Quote the entries below from the line with "How FDR Helps" through the line with "Christmas in July, Christmas", both ends included, and only those lines.
(INFORMATION SUPPLIED)
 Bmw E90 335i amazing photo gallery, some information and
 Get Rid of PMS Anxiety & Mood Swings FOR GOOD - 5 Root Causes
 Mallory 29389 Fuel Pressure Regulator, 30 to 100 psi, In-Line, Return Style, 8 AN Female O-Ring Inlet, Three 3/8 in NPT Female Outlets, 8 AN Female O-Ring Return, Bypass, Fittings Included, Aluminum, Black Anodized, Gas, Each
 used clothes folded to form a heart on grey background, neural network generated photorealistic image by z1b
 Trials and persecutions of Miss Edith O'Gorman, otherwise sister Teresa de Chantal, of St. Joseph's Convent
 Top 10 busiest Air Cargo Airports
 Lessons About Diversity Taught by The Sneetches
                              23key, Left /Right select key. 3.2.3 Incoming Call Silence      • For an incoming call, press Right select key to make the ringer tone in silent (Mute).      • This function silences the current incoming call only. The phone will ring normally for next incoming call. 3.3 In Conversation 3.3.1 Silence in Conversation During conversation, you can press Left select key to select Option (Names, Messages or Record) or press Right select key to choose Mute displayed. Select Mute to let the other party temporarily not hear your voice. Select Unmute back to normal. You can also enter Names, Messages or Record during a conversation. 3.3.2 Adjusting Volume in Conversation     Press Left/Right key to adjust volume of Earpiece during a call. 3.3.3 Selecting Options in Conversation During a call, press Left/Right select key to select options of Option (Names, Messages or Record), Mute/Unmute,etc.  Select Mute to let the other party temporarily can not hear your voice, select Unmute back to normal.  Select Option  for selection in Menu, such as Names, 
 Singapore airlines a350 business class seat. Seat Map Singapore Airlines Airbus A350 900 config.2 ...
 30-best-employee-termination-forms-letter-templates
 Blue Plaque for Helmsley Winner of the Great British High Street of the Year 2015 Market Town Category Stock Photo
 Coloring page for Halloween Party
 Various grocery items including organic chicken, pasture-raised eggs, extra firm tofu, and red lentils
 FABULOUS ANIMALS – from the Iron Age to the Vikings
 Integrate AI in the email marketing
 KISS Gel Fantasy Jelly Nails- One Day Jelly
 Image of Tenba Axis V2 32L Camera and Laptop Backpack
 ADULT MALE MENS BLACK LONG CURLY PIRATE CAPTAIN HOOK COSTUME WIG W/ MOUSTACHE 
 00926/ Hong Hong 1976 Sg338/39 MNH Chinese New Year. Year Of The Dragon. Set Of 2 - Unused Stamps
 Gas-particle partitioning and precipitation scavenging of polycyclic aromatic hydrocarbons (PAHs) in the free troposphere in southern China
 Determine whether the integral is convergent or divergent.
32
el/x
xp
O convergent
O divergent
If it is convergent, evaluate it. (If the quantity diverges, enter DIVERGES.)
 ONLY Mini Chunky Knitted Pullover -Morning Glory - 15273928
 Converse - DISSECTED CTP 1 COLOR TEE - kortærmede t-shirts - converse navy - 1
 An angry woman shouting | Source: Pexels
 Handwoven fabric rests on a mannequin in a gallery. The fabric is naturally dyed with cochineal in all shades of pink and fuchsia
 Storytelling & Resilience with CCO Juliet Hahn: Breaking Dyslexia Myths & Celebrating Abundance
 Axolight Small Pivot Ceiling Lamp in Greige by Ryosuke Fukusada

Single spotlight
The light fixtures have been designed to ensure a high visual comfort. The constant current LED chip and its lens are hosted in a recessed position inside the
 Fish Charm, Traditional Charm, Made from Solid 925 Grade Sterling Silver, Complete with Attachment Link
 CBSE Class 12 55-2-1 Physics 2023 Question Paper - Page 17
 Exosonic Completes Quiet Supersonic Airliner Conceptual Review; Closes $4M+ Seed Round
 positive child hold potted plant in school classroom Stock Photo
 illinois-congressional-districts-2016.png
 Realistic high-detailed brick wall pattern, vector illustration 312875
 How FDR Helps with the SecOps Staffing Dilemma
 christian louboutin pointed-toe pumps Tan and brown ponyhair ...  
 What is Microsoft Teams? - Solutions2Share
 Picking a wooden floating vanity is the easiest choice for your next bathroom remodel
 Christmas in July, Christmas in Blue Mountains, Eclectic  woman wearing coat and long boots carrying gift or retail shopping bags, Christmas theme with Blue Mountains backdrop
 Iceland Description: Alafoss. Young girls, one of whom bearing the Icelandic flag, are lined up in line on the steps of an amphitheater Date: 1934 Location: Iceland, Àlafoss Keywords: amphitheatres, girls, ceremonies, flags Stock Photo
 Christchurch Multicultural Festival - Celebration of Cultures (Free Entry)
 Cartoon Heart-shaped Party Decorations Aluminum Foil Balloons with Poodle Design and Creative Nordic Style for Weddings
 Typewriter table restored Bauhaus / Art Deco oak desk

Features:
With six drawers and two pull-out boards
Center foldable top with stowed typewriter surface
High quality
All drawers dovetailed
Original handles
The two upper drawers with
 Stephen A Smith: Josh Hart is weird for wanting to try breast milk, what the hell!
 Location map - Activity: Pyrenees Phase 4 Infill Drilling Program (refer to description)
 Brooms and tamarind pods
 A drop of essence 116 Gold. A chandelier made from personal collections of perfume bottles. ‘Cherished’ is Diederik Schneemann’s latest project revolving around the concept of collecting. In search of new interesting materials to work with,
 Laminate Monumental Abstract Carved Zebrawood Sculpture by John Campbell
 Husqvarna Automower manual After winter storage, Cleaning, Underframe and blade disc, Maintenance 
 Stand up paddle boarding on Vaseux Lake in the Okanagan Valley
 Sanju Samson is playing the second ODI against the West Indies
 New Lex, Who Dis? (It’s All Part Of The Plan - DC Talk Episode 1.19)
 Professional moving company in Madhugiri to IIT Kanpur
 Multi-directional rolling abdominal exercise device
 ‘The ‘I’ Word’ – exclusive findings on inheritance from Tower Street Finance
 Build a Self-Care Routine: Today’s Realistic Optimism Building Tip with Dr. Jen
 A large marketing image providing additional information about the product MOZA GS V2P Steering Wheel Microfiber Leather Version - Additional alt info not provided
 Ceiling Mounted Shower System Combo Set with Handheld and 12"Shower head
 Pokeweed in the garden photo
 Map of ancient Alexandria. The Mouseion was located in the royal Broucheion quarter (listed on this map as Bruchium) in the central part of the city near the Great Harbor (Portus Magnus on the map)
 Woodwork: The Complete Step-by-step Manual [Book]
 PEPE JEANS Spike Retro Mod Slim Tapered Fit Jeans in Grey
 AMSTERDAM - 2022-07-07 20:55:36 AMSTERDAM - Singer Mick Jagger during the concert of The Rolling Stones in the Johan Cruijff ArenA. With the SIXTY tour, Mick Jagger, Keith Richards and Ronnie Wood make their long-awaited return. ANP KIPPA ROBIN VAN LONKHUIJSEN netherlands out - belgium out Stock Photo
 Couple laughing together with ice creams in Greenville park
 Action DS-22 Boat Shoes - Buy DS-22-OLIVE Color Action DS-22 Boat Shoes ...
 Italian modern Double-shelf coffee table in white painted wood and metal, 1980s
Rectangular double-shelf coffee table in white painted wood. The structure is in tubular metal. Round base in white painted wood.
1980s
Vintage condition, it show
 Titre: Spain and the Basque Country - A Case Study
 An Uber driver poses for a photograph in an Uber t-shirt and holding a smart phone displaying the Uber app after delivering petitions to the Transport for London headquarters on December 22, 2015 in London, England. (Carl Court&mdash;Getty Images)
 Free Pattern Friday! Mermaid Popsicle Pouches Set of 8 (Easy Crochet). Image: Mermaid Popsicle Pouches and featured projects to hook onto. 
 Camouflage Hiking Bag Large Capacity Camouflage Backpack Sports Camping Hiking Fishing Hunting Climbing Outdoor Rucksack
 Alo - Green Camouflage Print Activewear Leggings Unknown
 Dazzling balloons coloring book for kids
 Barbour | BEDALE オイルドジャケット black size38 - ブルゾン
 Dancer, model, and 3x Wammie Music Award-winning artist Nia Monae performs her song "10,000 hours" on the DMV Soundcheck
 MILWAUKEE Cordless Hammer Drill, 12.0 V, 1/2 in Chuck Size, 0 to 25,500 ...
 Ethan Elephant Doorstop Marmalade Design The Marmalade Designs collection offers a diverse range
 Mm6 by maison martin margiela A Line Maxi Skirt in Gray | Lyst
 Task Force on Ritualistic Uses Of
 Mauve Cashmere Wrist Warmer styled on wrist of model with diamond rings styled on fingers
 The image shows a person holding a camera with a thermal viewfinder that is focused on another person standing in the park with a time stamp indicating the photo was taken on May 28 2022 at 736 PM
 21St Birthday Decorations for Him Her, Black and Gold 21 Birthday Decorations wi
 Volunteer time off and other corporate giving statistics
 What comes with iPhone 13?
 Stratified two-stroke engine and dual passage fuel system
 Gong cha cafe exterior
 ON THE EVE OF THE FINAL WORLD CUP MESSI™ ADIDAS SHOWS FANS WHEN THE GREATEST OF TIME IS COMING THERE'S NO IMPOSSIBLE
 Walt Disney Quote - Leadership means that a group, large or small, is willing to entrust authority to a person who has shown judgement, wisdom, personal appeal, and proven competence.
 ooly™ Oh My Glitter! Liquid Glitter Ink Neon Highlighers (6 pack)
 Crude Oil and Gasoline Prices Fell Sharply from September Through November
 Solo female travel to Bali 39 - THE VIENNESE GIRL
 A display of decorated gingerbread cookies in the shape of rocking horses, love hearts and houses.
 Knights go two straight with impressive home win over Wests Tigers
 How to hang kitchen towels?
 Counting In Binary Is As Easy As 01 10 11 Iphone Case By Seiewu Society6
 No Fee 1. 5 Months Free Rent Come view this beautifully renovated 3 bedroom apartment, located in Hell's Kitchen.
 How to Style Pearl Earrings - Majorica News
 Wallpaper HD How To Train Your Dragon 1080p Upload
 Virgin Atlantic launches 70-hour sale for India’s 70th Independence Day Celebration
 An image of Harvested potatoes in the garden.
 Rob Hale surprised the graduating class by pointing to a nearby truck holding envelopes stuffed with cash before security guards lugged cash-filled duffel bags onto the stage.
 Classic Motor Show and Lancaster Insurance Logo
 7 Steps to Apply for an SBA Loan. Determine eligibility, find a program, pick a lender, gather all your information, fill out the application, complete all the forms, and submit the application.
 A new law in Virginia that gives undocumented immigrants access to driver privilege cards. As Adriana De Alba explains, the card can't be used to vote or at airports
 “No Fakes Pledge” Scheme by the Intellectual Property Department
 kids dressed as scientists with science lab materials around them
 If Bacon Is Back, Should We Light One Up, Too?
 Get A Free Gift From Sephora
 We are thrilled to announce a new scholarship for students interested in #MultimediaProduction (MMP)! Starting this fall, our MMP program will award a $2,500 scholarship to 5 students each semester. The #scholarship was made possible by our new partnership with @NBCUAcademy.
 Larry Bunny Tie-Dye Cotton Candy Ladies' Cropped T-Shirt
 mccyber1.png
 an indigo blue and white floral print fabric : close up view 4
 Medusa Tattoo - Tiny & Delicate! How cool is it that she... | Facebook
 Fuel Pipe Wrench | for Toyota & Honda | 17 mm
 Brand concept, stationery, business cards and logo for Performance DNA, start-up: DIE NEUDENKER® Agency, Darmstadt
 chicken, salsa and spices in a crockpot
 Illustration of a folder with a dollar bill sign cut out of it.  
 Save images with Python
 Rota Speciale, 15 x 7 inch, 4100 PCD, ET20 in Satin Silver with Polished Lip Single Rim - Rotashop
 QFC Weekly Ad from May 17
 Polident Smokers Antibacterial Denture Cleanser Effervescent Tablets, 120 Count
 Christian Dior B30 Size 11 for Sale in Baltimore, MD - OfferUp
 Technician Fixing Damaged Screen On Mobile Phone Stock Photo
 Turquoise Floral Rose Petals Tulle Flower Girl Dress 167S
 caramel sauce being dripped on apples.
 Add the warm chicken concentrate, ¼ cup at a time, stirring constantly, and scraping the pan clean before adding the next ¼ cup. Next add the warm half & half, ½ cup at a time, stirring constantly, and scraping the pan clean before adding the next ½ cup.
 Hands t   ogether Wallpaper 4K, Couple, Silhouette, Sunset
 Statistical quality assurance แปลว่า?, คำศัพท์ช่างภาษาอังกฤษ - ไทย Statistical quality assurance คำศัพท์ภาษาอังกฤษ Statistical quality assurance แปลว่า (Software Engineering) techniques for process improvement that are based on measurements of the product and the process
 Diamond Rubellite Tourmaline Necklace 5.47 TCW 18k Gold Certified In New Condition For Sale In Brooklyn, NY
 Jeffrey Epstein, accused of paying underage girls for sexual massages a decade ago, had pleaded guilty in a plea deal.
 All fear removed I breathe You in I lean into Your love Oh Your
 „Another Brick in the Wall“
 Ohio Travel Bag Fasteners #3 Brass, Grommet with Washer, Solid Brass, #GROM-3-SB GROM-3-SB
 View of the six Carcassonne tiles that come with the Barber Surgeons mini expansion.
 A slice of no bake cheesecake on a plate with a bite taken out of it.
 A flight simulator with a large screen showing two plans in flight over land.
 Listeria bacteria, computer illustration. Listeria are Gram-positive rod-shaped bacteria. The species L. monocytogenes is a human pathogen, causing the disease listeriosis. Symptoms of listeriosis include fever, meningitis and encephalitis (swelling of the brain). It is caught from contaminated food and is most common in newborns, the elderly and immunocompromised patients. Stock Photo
(End INFORMATION SUPPLIED)
## OUTPUT
 How FDR Helps with the SecOps Staffing Dilemma
 christian louboutin pointed-toe pumps Tan and brown ponyhair ...  
 What is Microsoft Teams? - Solutions2Share
 Picking a wooden floating vanity is the easiest choice for your next bathroom remodel
 Christmas in July, Christmas in Blue Mountains, Eclectic  woman wearing coat and long boots carrying gift or retail shopping bags, Christmas theme with Blue Mountains backdrop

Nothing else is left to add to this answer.